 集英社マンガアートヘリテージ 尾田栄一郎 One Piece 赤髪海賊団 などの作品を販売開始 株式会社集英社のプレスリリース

++++++

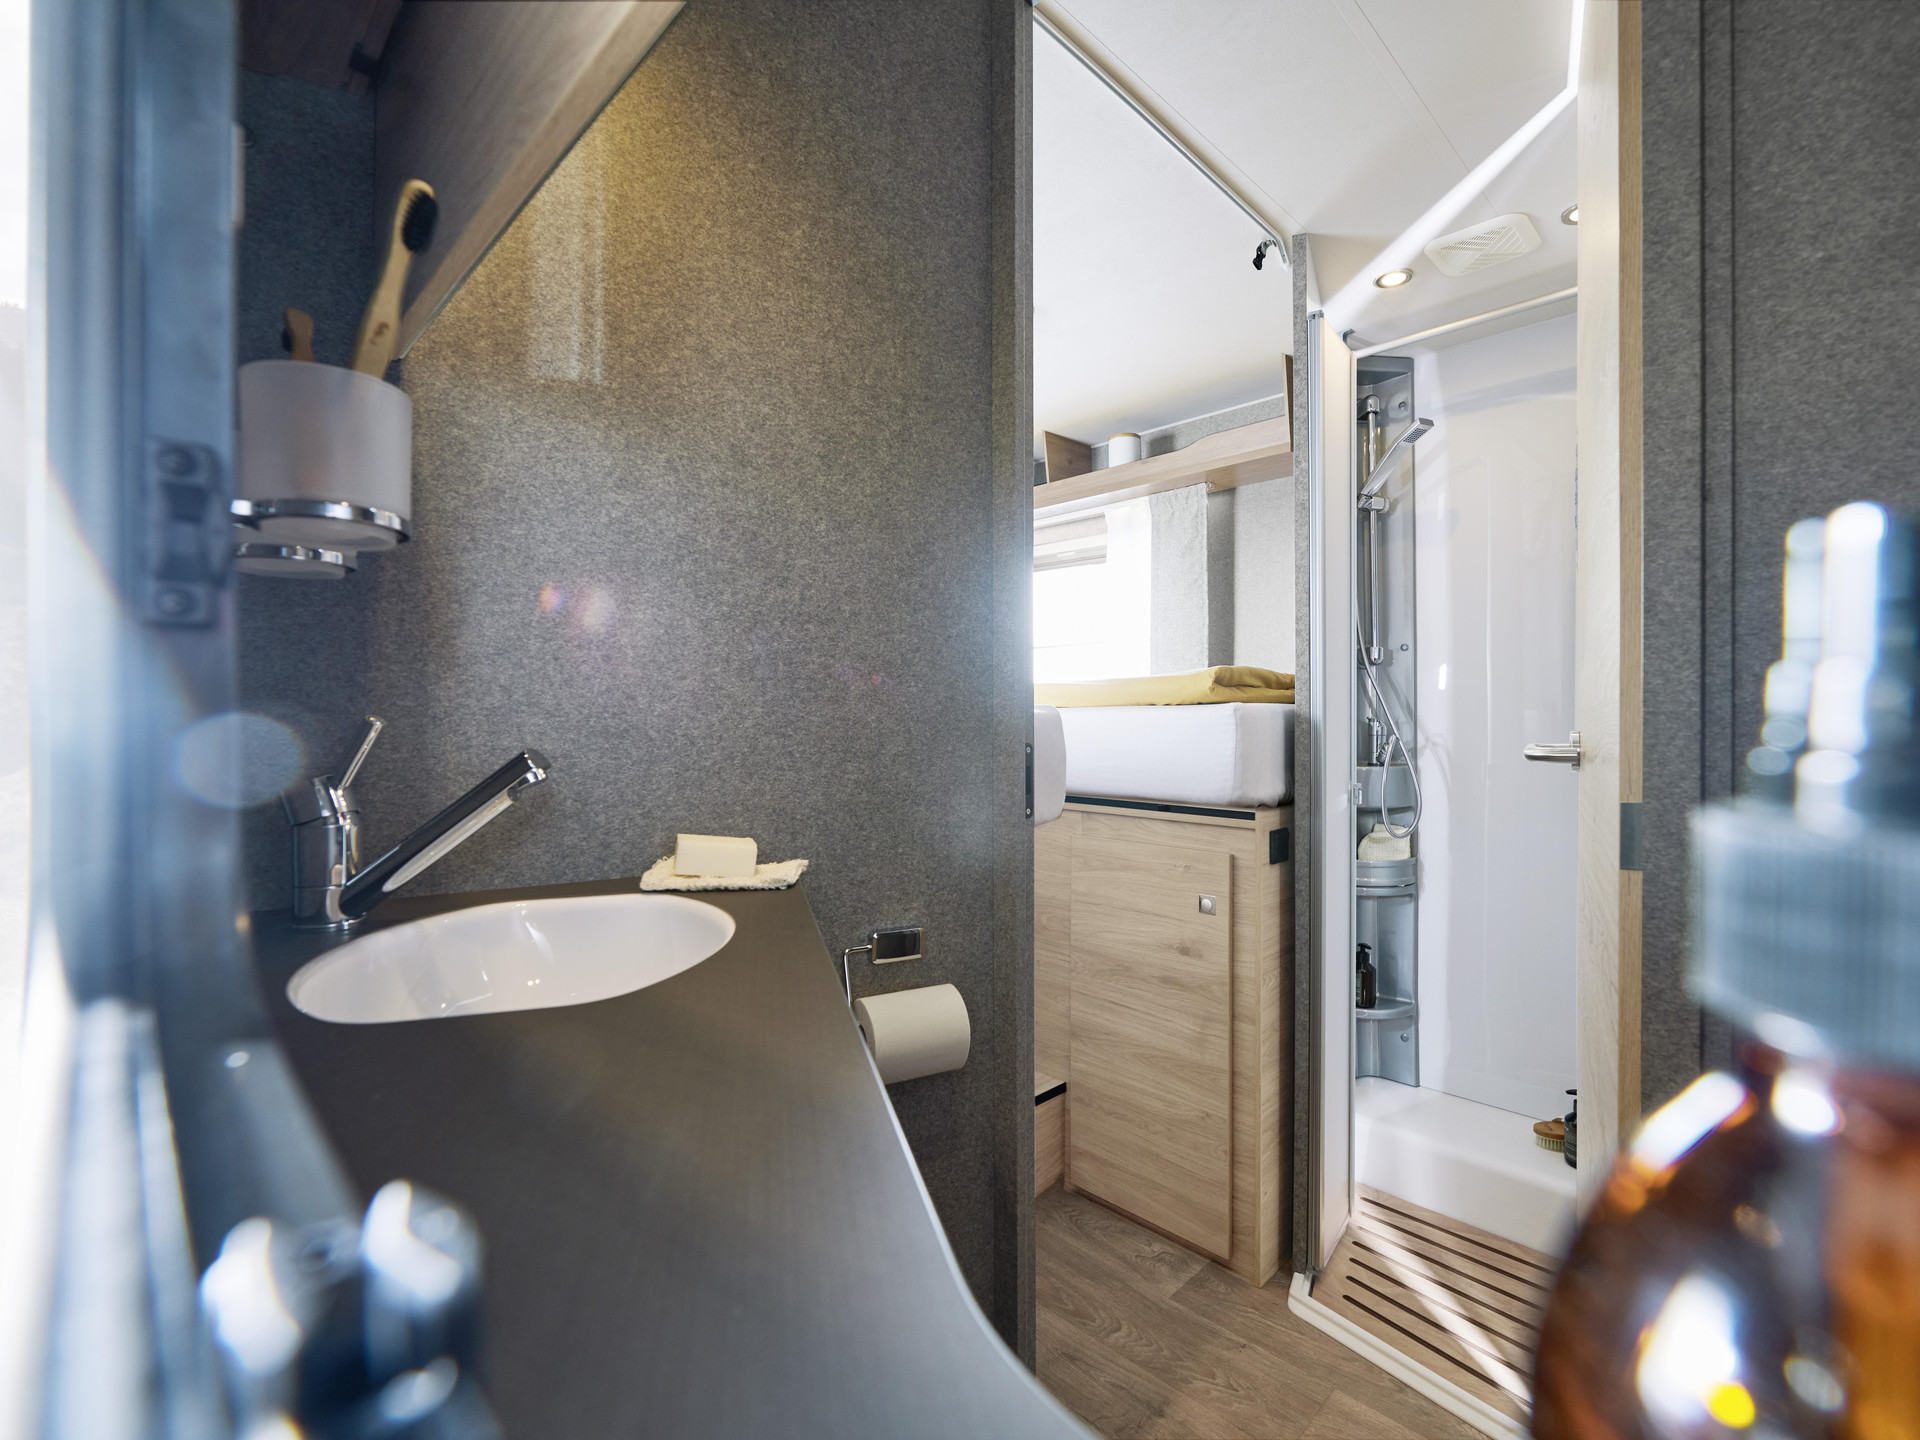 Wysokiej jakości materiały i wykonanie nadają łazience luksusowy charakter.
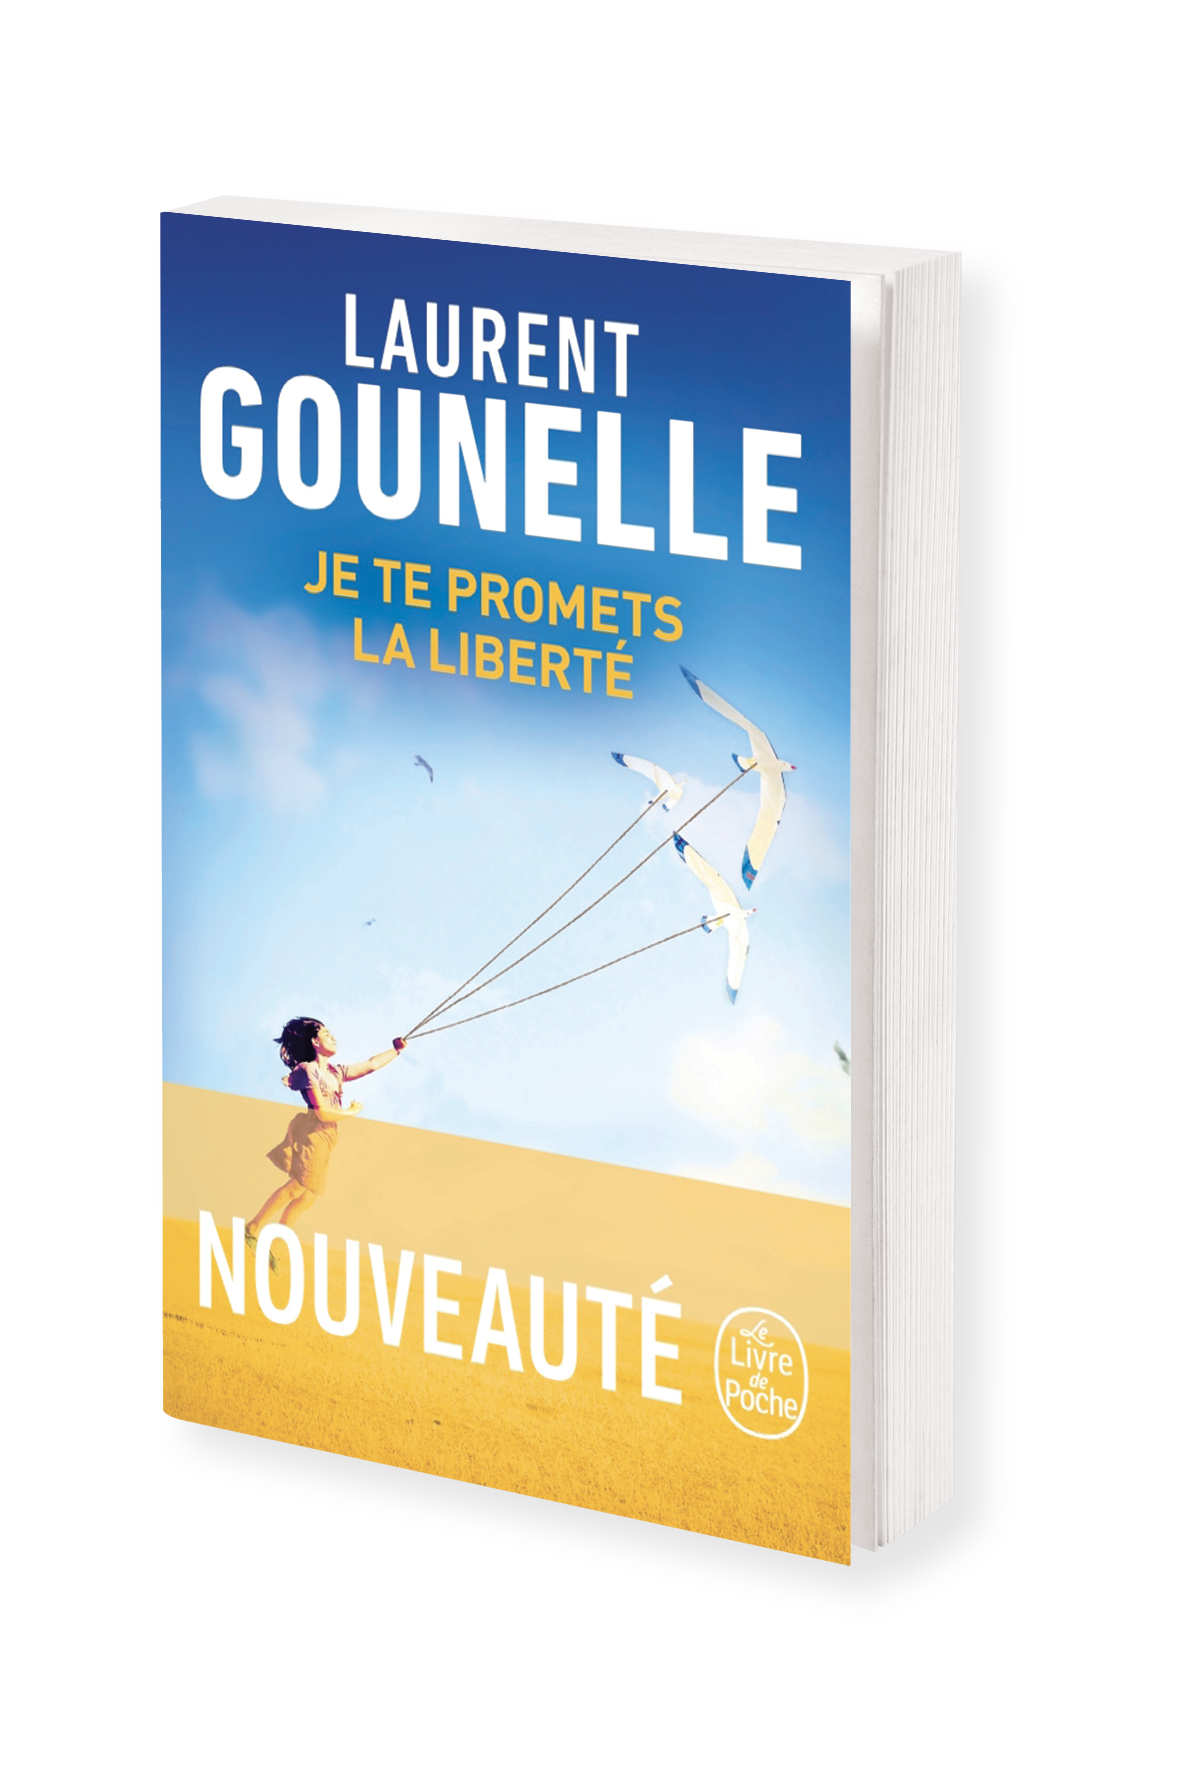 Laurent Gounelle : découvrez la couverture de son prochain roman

++++++

- _Requirement_:
Above, find the line with "Wysokiej jakości materiały"; copy it and every line down to the line with "Laurent Gounelle : découvrez", exactly and both included, but no pictures.

- _Result of this task_:
 Wysokiej jakości materiały i wykonanie nadają łazience luksusowy charakter.
 Laurent Gounelle : découvrez la couverture de son prochain roman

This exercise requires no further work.